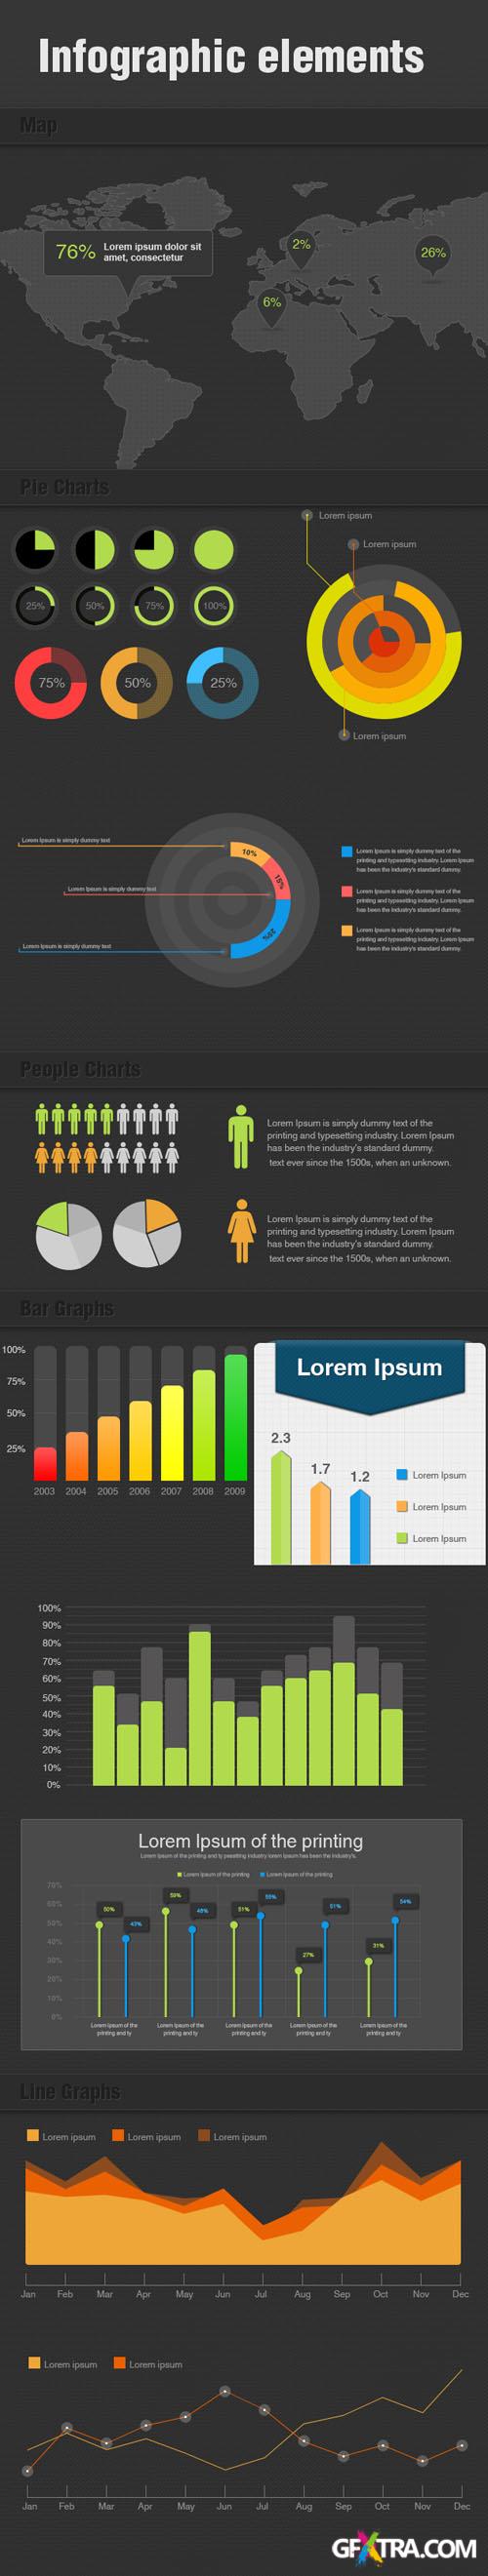 Designtnt - Infographic Elements PSD
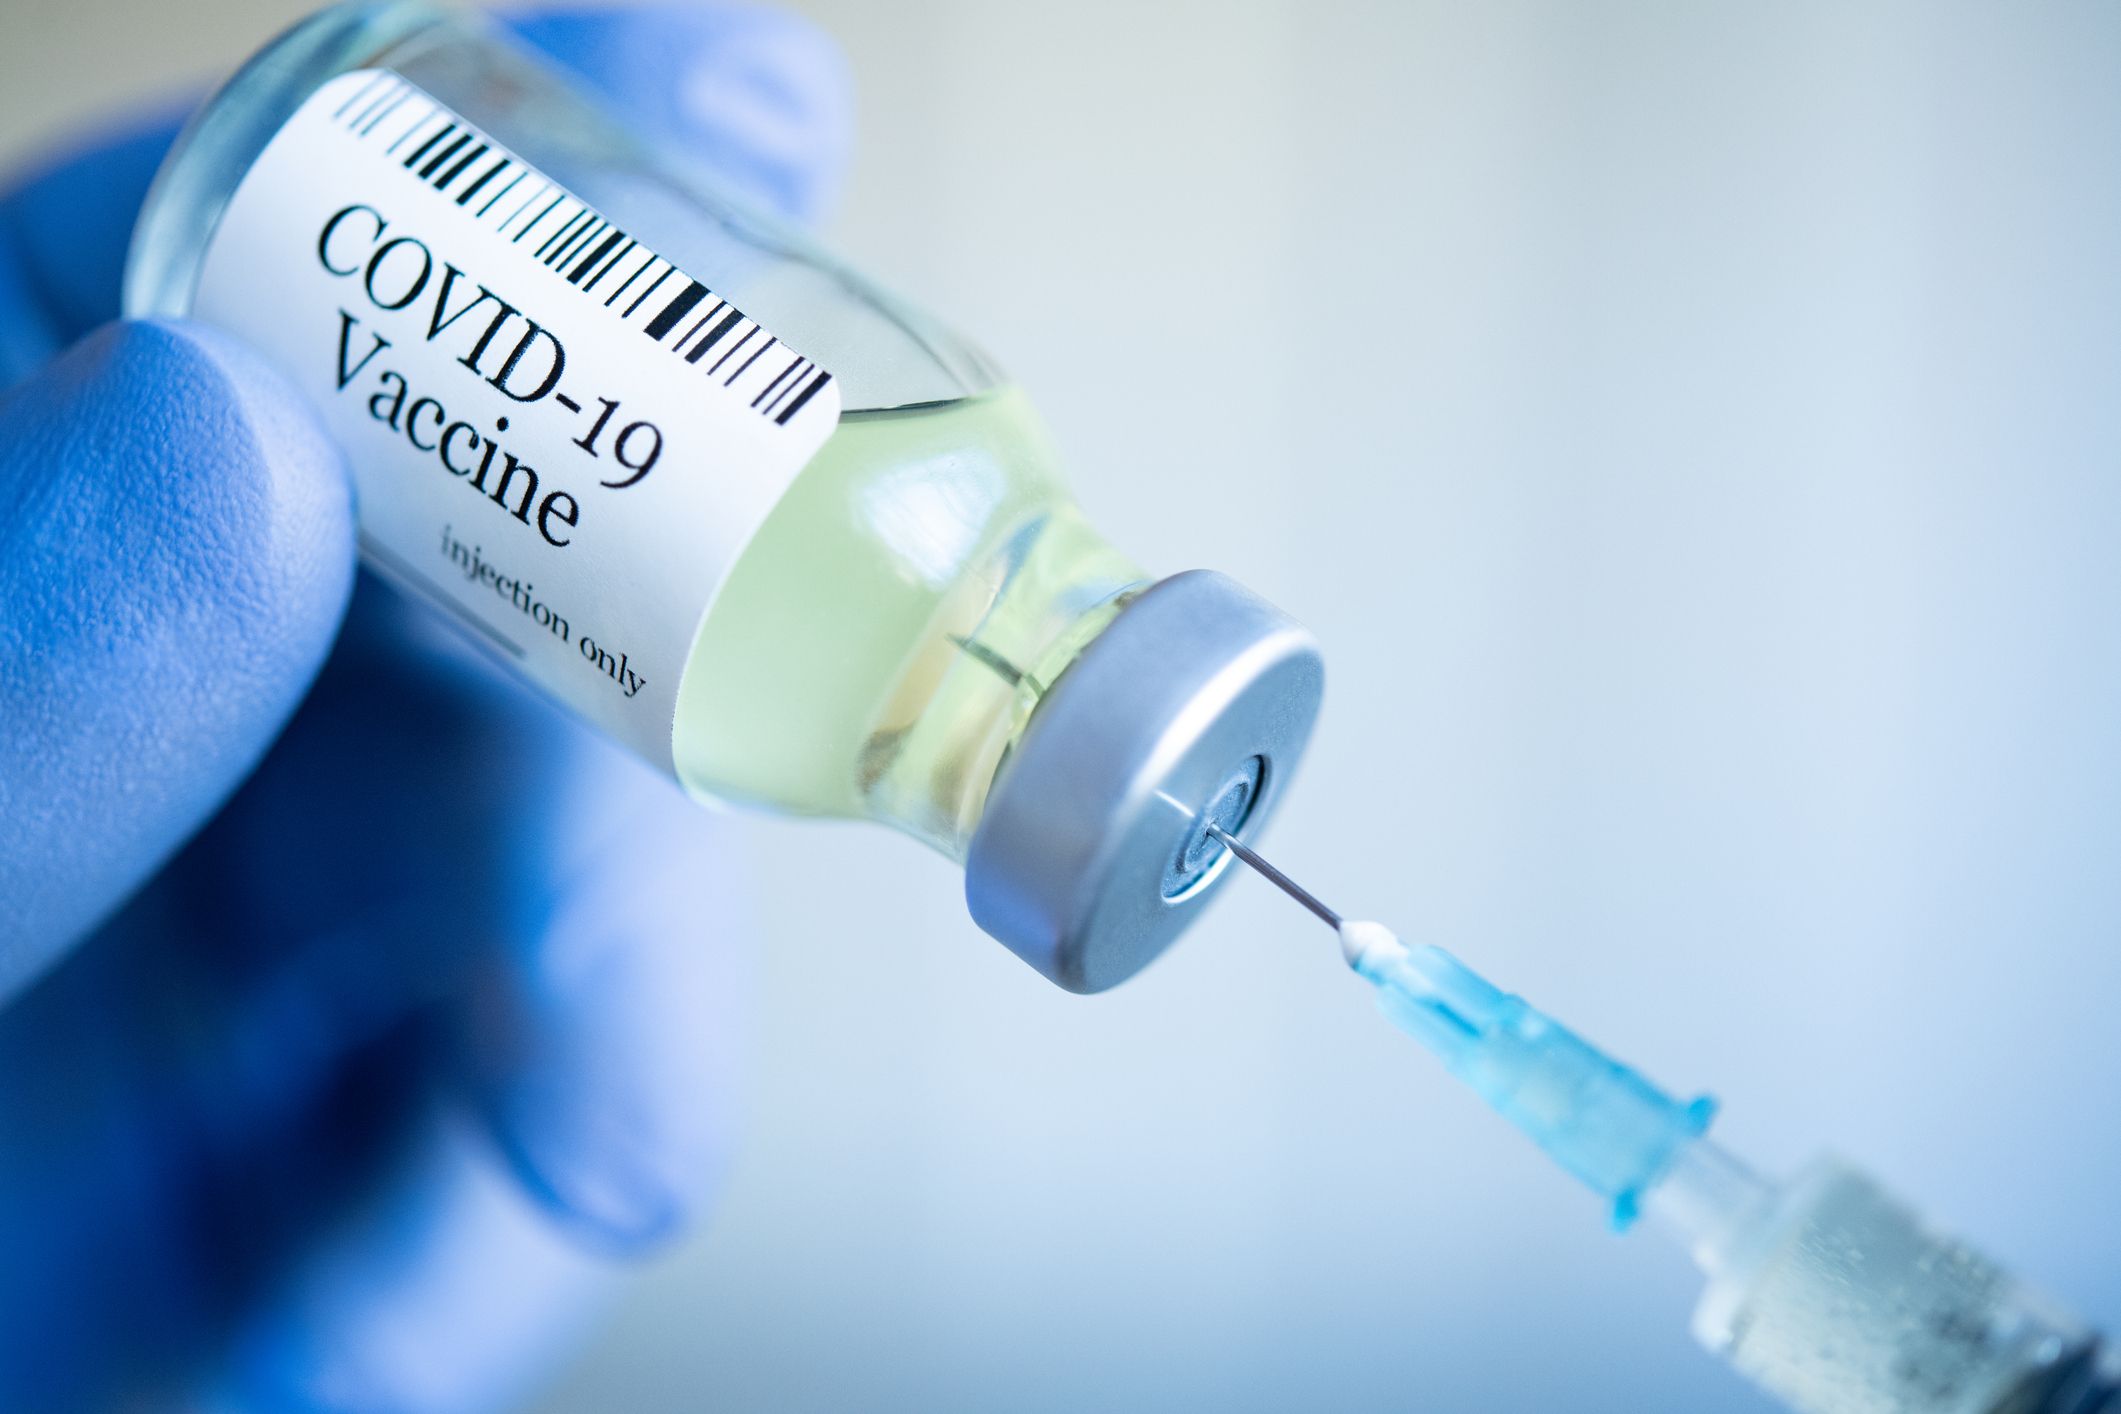 Médicos de la universidad de Oxford advierten de riesgos de trombo al quitarse las muelas del juicio y vacunarse a la vez
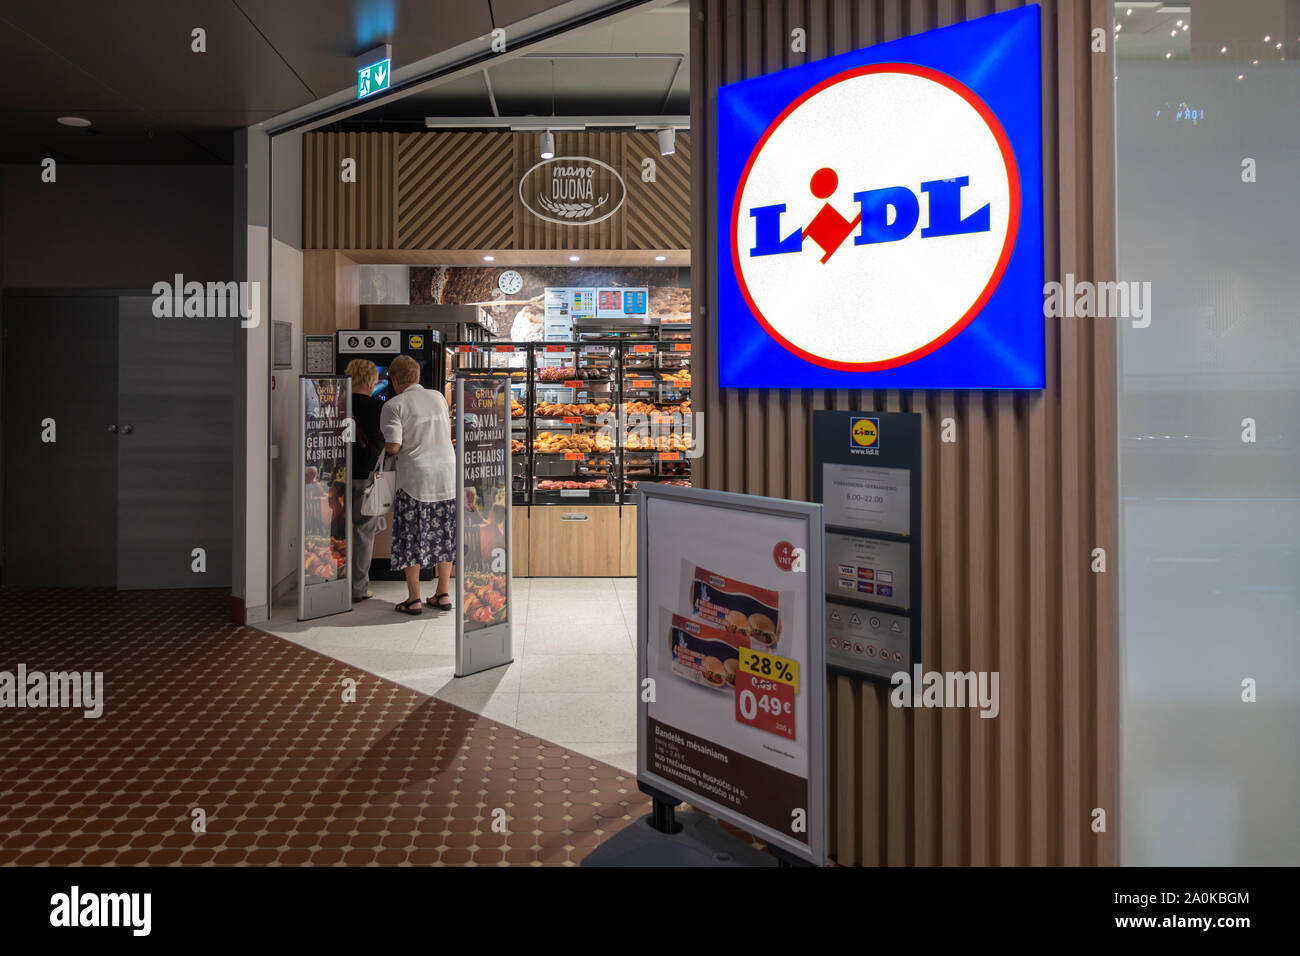 Vilnius, Lituanie - le 18 août 2019 : Entrée de nouveau magasin Lidl moderne à l'intérieur aller9 centre commercial de Vilnius, Lituanie Banque D'Images
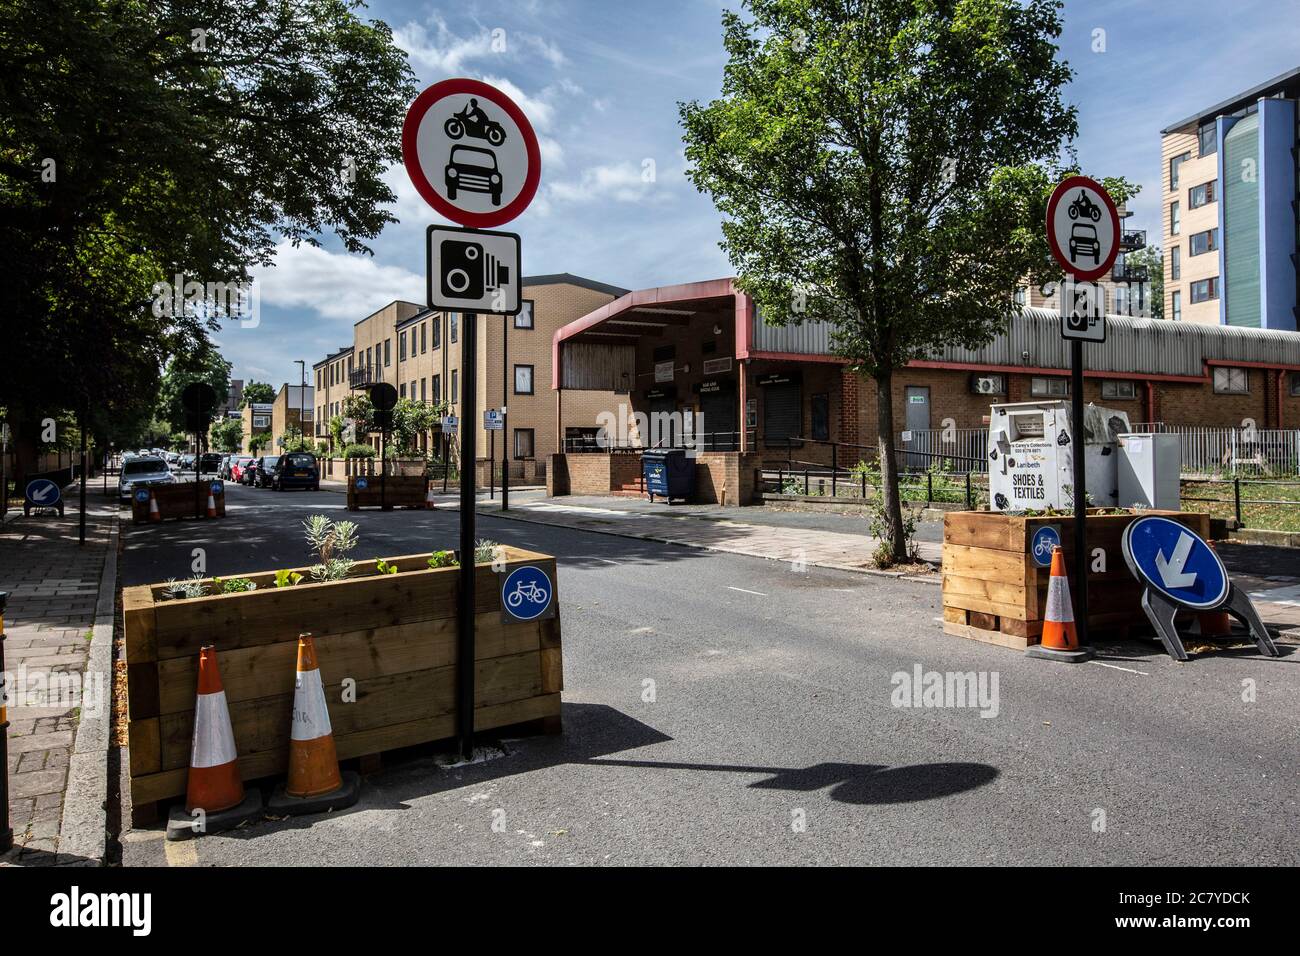 London Straßensperren, um den Verkehr zu beschränken, um "Fahrrad-Autobahnen" zu schaffen und zu fördern Radfahren & Luftverschmutzung auf Matthew's Road, Lambeth, SW2 zu reduzieren Stockfoto

Task requirements
Would you give the data above again word for word, minus the pictures?

Response to this task
 Designtnt - Infographic Elements PSD
 Médicos de la universidad de Oxford advierten de riesgos de trombo al quitarse las muelas del juicio y vacunarse a la vez
 Vilnius, Lituanie - le 18 août 2019 : Entrée de nouveau magasin Lidl moderne à l'intérieur aller9 centre commercial de Vilnius, Lituanie Banque D'Images
 London Straßensperren, um den Verkehr zu beschränken, um "Fahrrad-Autobahnen" zu schaffen und zu fördern Radfahren & Luftverschmutzung auf Matthew's Road, Lambeth, SW2 zu reduzieren Stockfoto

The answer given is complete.